Si la communication en emploi est évidemment une problématique d’envergure pour les participants, la communication pendant la recherche d’emploi est également anticipée comme une source de difficultés. Les participants saisissent que cette recherche requiert plusieurs habiletés de communication :

« C’est que je manque de confiance à cause du français. Je manque beaucoup de vocabulaire. Dès que j’ai commencé ici, le professeur m’a aidé beaucoup pour les mots, pour chercher le stage, pour chercher le travail. »

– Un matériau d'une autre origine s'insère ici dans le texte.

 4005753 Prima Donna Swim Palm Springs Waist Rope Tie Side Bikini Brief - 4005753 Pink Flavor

En effet, pour chercher un emploi, il faut généralement être en mesure de lire des offres d’emploi et d’écrire un CV qui présente l’ensemble des expériences de travail antérieures, ce qui représente évidemment un défi pour plusieurs des participants. La rencontre d’un employeur ou du responsable des embauches demandent une aisance à l’oral et un vocabulaire qui permettront aux participants de mettre en valeur leur personnalité et leurs expériences de travail pertinentes. Pour l’ensemble de ces défis, le dernier participant cité

indique que son enseignant a été d’une grande aide depuis le début du Programme. Nous pouvons d’ailleurs comprendre que son manque de confiance et de vocabulaire est discuté telle une réalité qui est maintenant révolue.

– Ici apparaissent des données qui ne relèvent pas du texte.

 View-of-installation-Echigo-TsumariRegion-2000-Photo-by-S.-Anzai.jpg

Pour d’autres, le stage est l’élément clé du Programme qui leur permettra d’améliorer leur communication avec leurs collègues de travail. La francisation et les cours du Programme ISP représentent certes une occasion de parler en français; toutefois, communiquer avec des Québécois francophones semble un fait rare. En effet, le manque de contact avec des Québécois a été maintes fois souligné au cours des entrevues :

« Dans le stage, je vais pouvoir pratiquer de parler avec les Québécois. Avant, je parlais pas beaucoup avec les Québécois. Je parlais avec mon professeur et les autres étudiants sont immigrants. Sinon je parle à mes enfants. »

Le stage en milieu de travail est donc pour les étudiants une occasion de pratiquer leur français avec des Québécois en contexte de travail, occasion qu’ils ne peuvent obtenir par d’autres voies. En effet, à l’exception de leur enseignant, leurs collègues de classe allophones et leurs enfants sont parfois les seules personnes avec qui ils peuvent parler en français.